The Advantages of Human-Relevant Models
Human-relevant research systems offer several advantages that researchers believe could improve biomedical science.
One major benefit is improved predictive power. Because these systems replicate aspects of human physiology and genetics, they may better predict whether a therapy will succeed in clinical trials.
They also support precision medicine. Patient-derived organoids allow scientists to test treatments on tissues that match individual genetic profiles. This makes it possible to explore personalized treatment strategies for diseases such as cancer or genetic disorders.
Another advantage is improved disease modeling. Some complex diseases, particularly neurodegenerative disorders, are difficult to replicate in animals. Human-relevant systems allow scientists to study these conditions in environments that more closely resemble the human body.
These models also improve toxicity testing. High-throughput screening systems can analyze how drugs interact with human tissues and identify harmful effects earlier in development.

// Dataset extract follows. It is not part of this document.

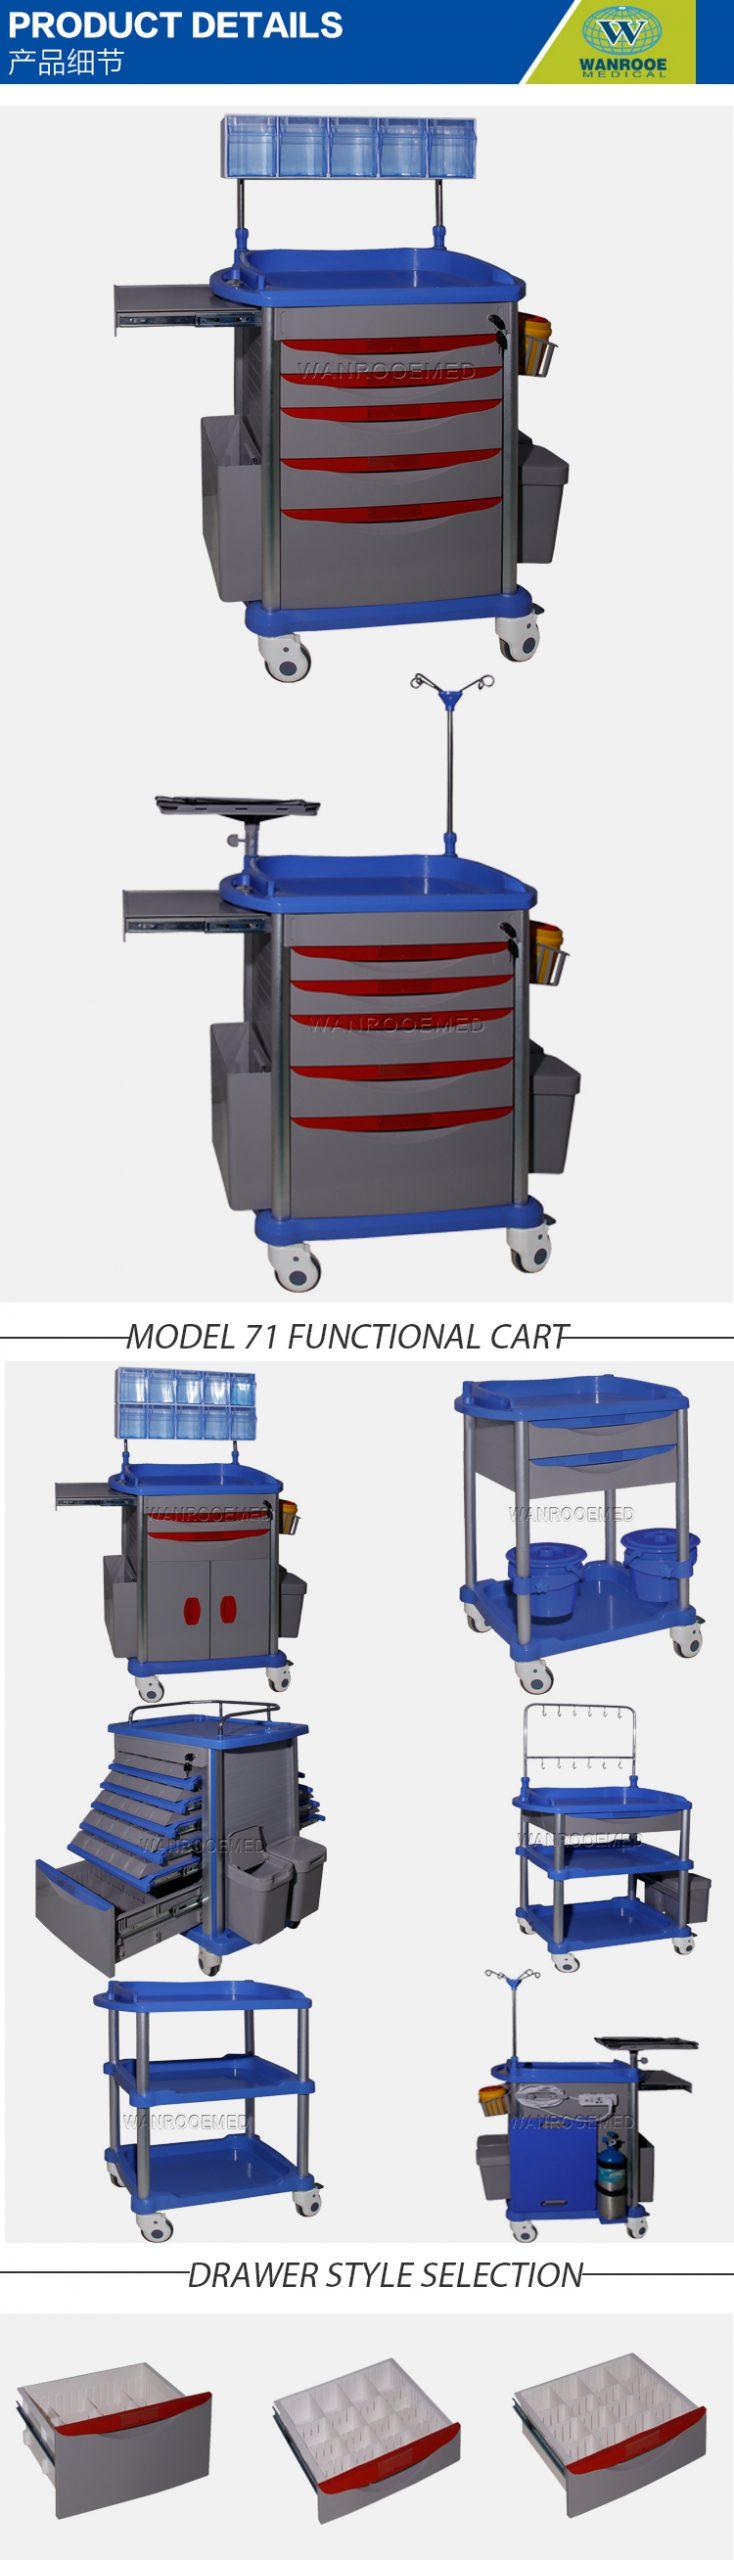 Medical Trolley Cart,ABS Cart,Hospital Trolley Cart,Crash Cart,Emergency Trolley

The National Institutes of Health and other regulatory organizations are increasingly prioritizing these methodologies because they may reduce reliance on animal testing while improving research accuracy and accelerating drug development.
Research Moving this Direction
The movement toward human-relevant models is gaining support across biomedical research. Many scientists see it as a necessary step toward aligning scientific methods with the complexity of modern medicine.
Gilman emphasizes that the goal is not to dismiss earlier research methods but to improve how science is conducted. According to her perspective, ethical innovation and scientific rigor can reinforce each other rather than conflict.
Morgan’s article reflects a broader sentiment among researchers that the models used in early experiments shape everything that follows. If the starting assumptions are flawed, the entire development pipeline may produce misleading results.
This realization is pushing laboratories, regulatory agencies, and research organizations to reconsider how preclinical science is conducted.
Biomedical research is advancing rapidly through breakthroughs in genomics, regenerative medicine, and data analysis. Yet the experimental models used to study human disease have not always kept pace with these advances.
Human-relevant systems offer a potential path forward by aligning research tools with the biological complexity of the human body. Instead of relying on simplified animal systems, scientists are building platforms designed around human biology itself.
Morgan concludes that progress in life-saving medicine begins long before a therapy reaches patients. It starts with the models used to ask the first questions and with the willingness to reconsider whether those models still serve human health as well as they should.